While mixins come in super handy when solving real-world problems, they often come with their own set of issues. And some of these issues come from how the programming language you're using implements multiple inheritance.

In the Python world, one such problem is — what happens if two different mixins define the same function?

Let's take a real-world-ish problem to illustrate the issue.

Consider that we're writing a web application serving HTTP requests. At the end of every web request we would like to perform some cleanup related to the database and the cache. Let's also assume that our web framework of choice provides an on_finish hook on individual requests to place such cleanup code.

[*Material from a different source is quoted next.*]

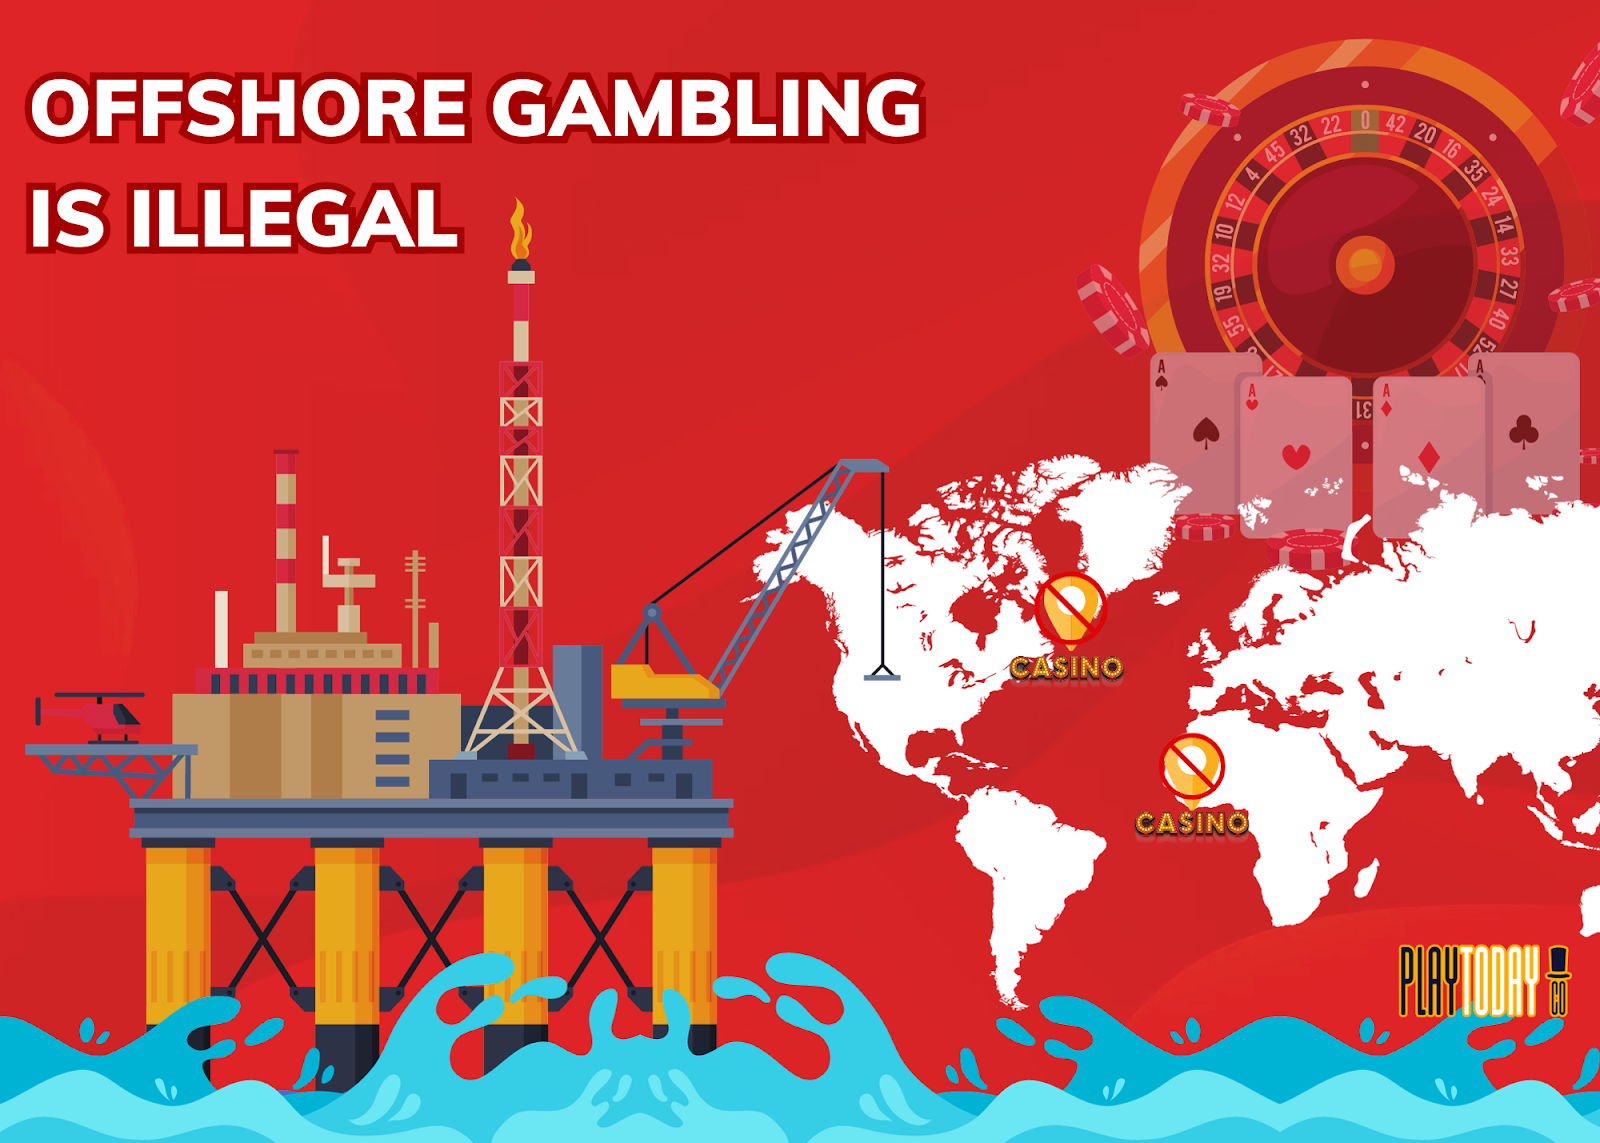 Visual representation of offshore gambling

When implementing something like that using mixins, this is how it could roughly look like.

class DatabaseCleaner:
    def on_finish(self):
        print('Cleaning the database')

class CacheCleaner:
    def on_finish(self):
        print('Cleaning the cache')

class Request(DatabaseCleaner, CacheCleaner):
    pass

For this code snippet, what do you think the output would be?

Because of the way Python implements multiple inheritance, it ends up calling the function defined in the first base class. In our example, this happens to be DatabaseCleaner.on_finish, which is what ends up being called. This has the unfortunate side-effect that CacheCleaner.on_finish never gets called.

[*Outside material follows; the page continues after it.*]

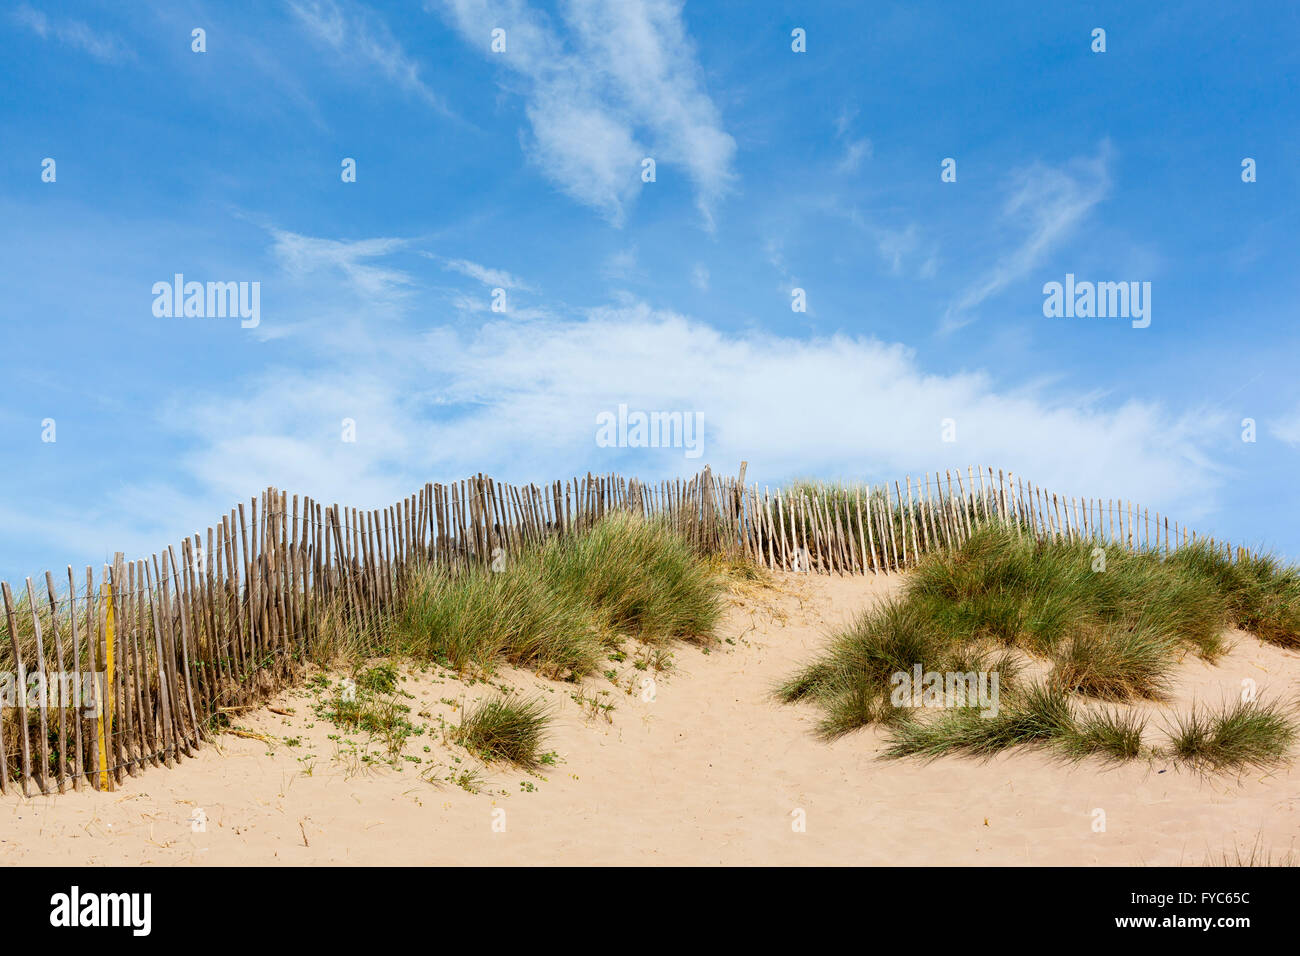 Dunes de sable avec de l'herbe, clôture en bois et un ciel d'été. Banque D'Images

This is obviously not what we want. We want to print both "Cleaning the database" as well as "Cleaning the cache".

One solution for this problem is to name those on_finish functions differently. So that DatabaseCleaner implements on_finish_database and CacheCleaner implements on_finish_cache.

While that could work (with a little bit of extra effort), it sounds a little odd. What if those two classes are written by two completely different authors who don't know about the existence of each other? Not to mention that this now puts the responsibility on the calling code to remember to call those on_finish_* functions, defeating the mixin-magic in the first place.

Luckily, Python provides a way to call the "next in line" function, which refers to the function with the same name in the "next" base class. Let's modify the clean() functions in both the mixins to something like the following.

class DatabaseCleaner:
    def clean(self):
        print('Cleaning the database')

        try:
            next_clean = super().clean()
        except AttributeError:
            pass
        else:
            next_clean()

Here, inside the try/except clause, we first try to find the function that's "next in line" by using super(). In case one was found, we simply call it. In case no such function was found (which most likely means that this is the last base class), then super().clean() would raise an AttributeError, in which case we can choose to do nothing and do a clean exit.

While this does add 6 extra lines to the mixin code, I feel it's a small price to pay. As library authors, it's nice to act as good citizens and keep in mind that there are other libraries out there as well which our users might use which may result in name clashes. I feel it's a good idea to make our code resistant to such things.

I came across this problem when writing tornado-sqlalchemy, which is a Python package that provides SQLAlchemy integration for Tornado projects. This integration is provided using a DatabaseMixin which makes database Session objects available in the request classes.

When using this library in a work project which also had Sentry integration enabled through sentry-python, I noticed that both tornado-sqlalchemy and sentry-python provided (at least at that time) mixins to perform cleanup at the end of the request. tornado-sqlalchemy did the database cleanup while sentry-python did some cleanup related to Sentry.

But since Tornado provides only a single cleanup function called on_finish, the same function was being overridden by both the libraries. This resulted in the fact that if a user was using both the mixins in their application code, depending on which class order they used when defining the (multiple) inheritance, one cleanup function would be skipped completely.

I've since patched the DatabaseMixin provided by tornado-sqlalchemy so that this problem doesn't exist anymore. But it was still interesting to run into this issue and find the solution.